Michel Debailleul Géophysicien, Université Libre de Bruxelles (1983) ORCID: 0009-0003-1222-1433


Résumé

La science progresse quand les théories expliquent les observations.

La science stagne quand les observations sont forcées à s’adapter aux théories.

Cet article présente un inventaire factuel des anomalies observationnelles majeures accumulées entre 2020 et 2025 que le modèle standard ΛCDM ne peut expliquer sans invoquer des hypothèses ad hoc distinctes.

Nous soutenons que cette accumulation ne signale pas une série de fluctuations statistiques, mais une inadéquation fondamentale du paradigme actuel. Nous présentons brièvement DEBA (Deterministic Emergence By Actualization), un cadre unifié qui répond à toutes ces anomalies par un mécanisme unique, et nous appelons à un débat scientifique ouvert plutôt qu’à une protection du paradigme.


1. Introduction : La raison d’être d’un modèle scientifique

Un modèle scientifique a une fonction fondamentale : expliquer les observations et en prédire de nouvelles. Quand un modèle nécessite des ajustements continuels pour accommoder des observations qu’il n’avait pas prédites, nous devons nous demander si nous faisons de la science ou de l’ajustement de courbes.

Thomas Kuhn a décrit ce phénomène dans La Structure des révolutions scientifiques (1962) : les anomalies s’accumulent jusqu’à ce qu’un changement de paradigme devienne inévitable. La question n’est pas si de tels changements se produisent, mais quand la communauté scientifique reconnaîtra leur nécessité.

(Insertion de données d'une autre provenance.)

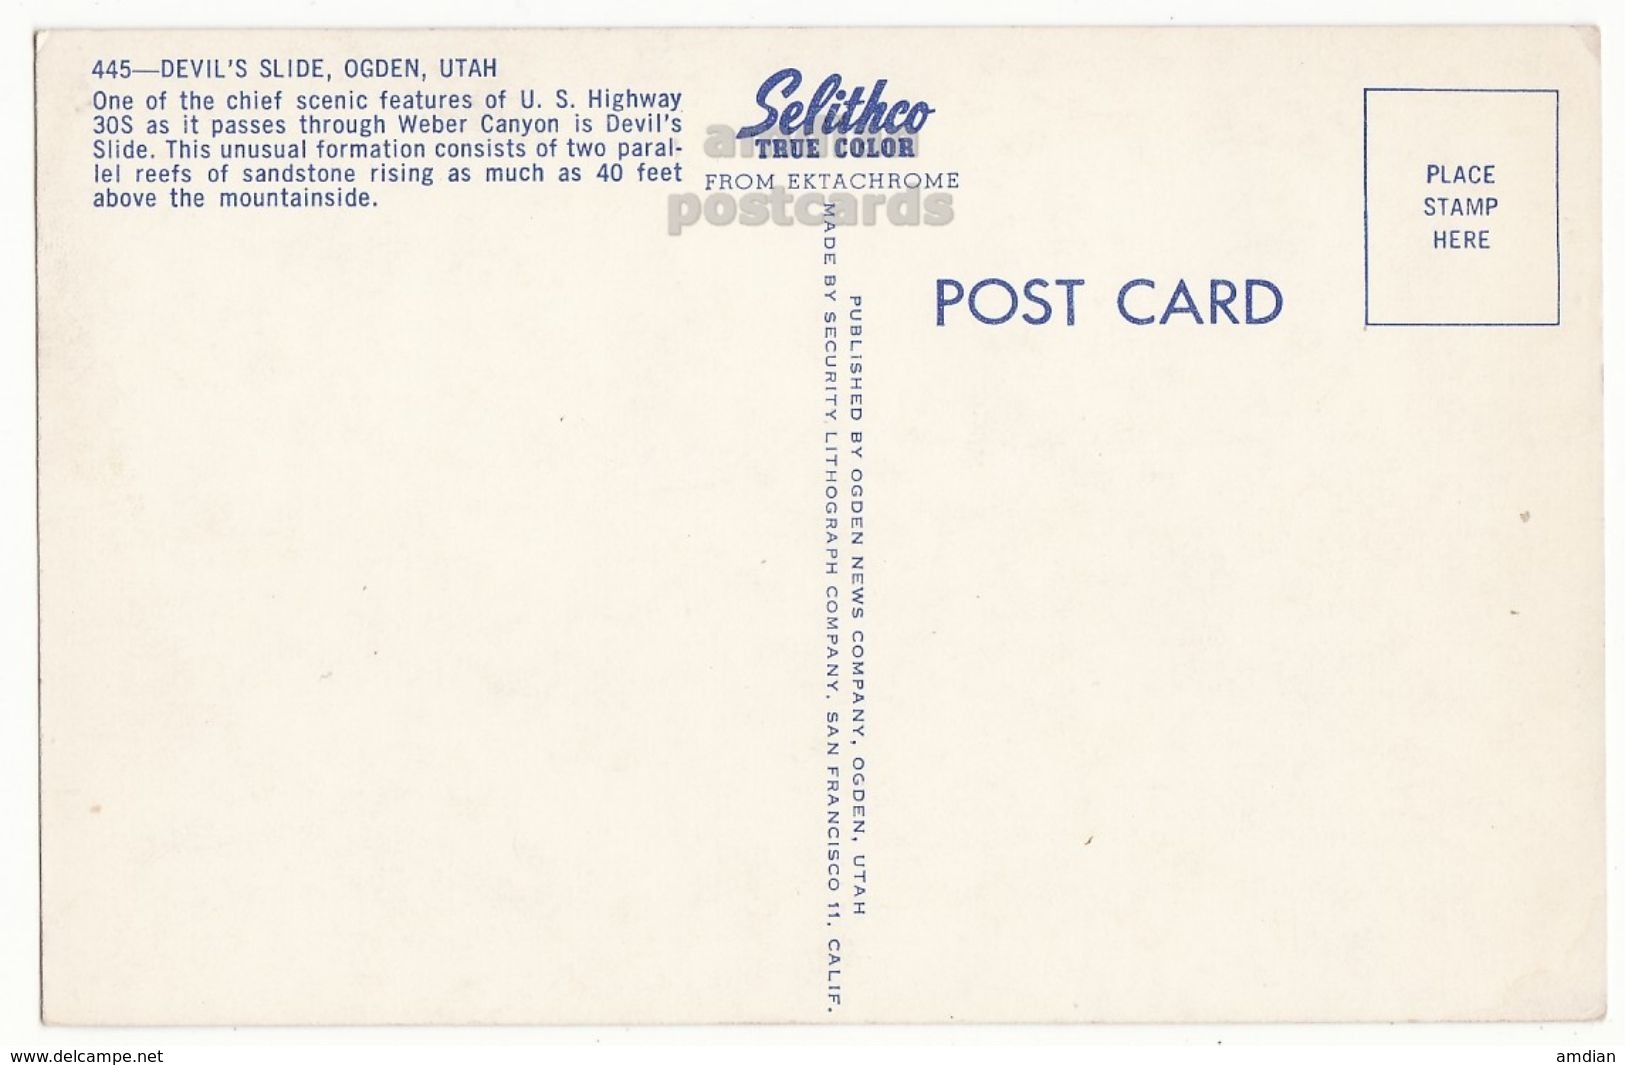 USA, Ogden UT, Devil's Slide At Weber Canyon, C1950s Unused Vintage Utah Chrome Postcard M8788 - Ogden

Cet article n’est pas une attaque contre les chercheurs qui ont consacré leur carrière au ΛCDM. C’est un inventaire factuel de ce que le modèle standard ne peut pas expliquer — et une invitation à considérer des alternatives.


2. Ce que ΛCDM ne peut pas expliquer : Un inventaire factuel

2.1 La matière noire — 30 ans de détection nulle

L’affirmation : 27% de l’univers est constitué de particules de matière noire froide (WIMPs, axions, ou similaires).

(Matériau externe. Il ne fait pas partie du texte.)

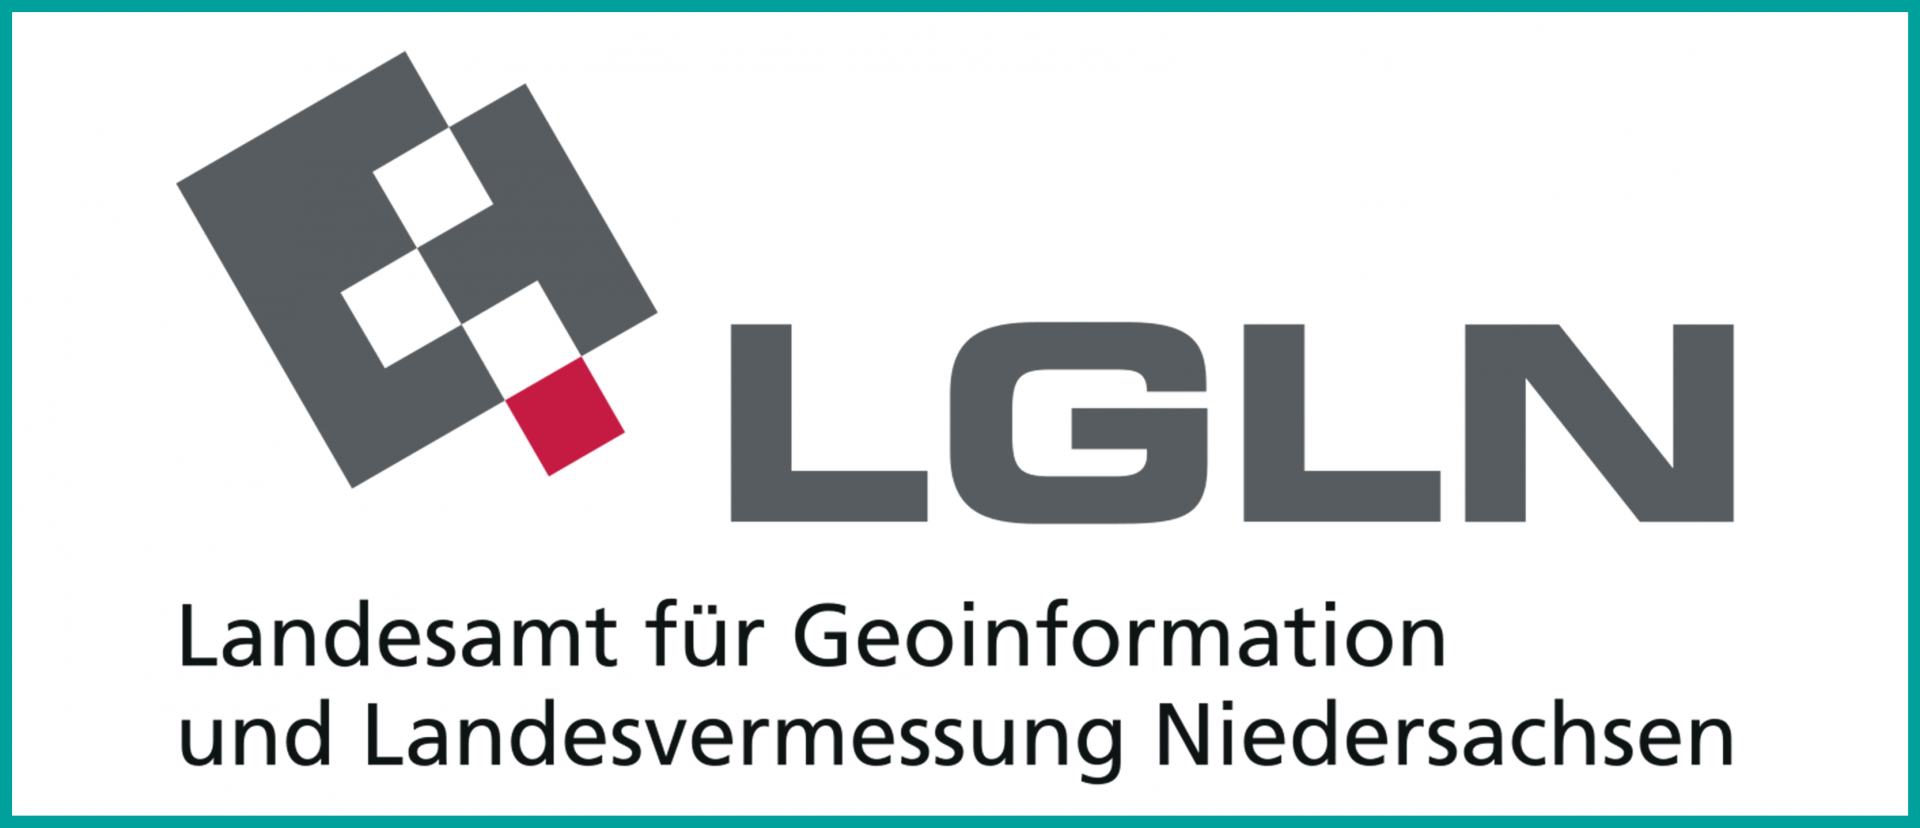 LGLN Landesamt für Geoinformation und Landesvermessung Niedersachsen

Les faits : – XENON1T, LUX, PandaX, CDMS : aucune détection – Recherches au LHC : aucune particule supersymétrique trouvée – Plus de 30 ans d’expériences dédiées : tous les résultats sont nuls

La réponse standard : « On ne l’a pas encore trouvée, mais elle doit exister. »

La question : À quel moment l’absence de preuve devient-elle preuve d’absence ?

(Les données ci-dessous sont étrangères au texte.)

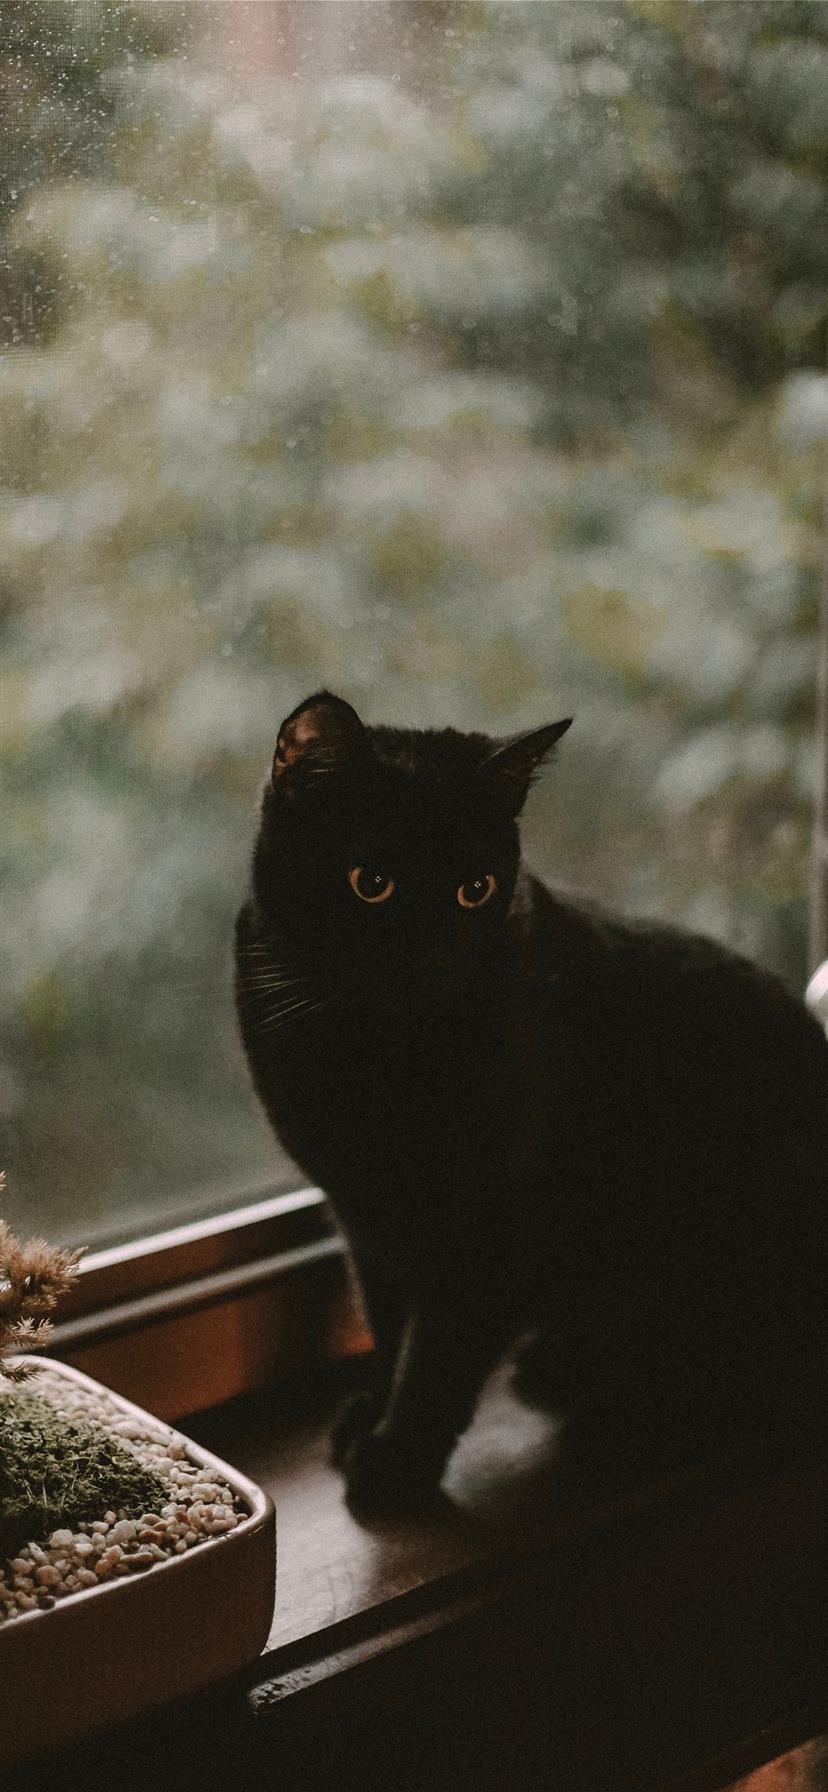 Download Trick Or Treat Black Cat Animal RoyaltyFree Stock Illustration  Image  Pixabay

2.2 L’énergie sombre — Ajustée à 10⁻¹²²

L’affirmation : 68% de l’univers est constitué d’énergie sombre, modélisée par une constante cosmologique Λ.

Les faits : – La théorie quantique des champs prédit une énergie du vide 10¹²⁰ fois plus grande que celle observée – La valeur observée nécessite un ajustement à 122 décimales – Aucun mécanisme physique n’explique cette valeur

La réponse standard : « C’est un paramètre libre ; on le mesure, on ne l’explique pas. »

La question : Un paramètre qui nécessite 122 décimales d’ajustement est-il vraiment une explication ?


2.3 Les trous noirs supermassifs précoces — Impossibilité temporelle

L’observation (JWST, 2025) : – GHZ2 : M_BH ~ 10⁷ M☉ à z = 12.34 – Âge de l’univers à z = 12.34 : ~350 millions d’années

La physique : – L’accrétion limitée par Eddington nécessite ~520 millions d’années pour atteindre une telle masse – 350 < 520 : impossibilité temporelle

Les réponses standard : – « Trous noirs primordiaux » (aucune preuve) – « Accrétion super-Eddington » (physiquement problématique) – « Trous noirs à effondrement direct » (conditions très spéciales requises)

La question : Trois hypothèses distinctes pour une seule observation — est-ce de la parcimonie ?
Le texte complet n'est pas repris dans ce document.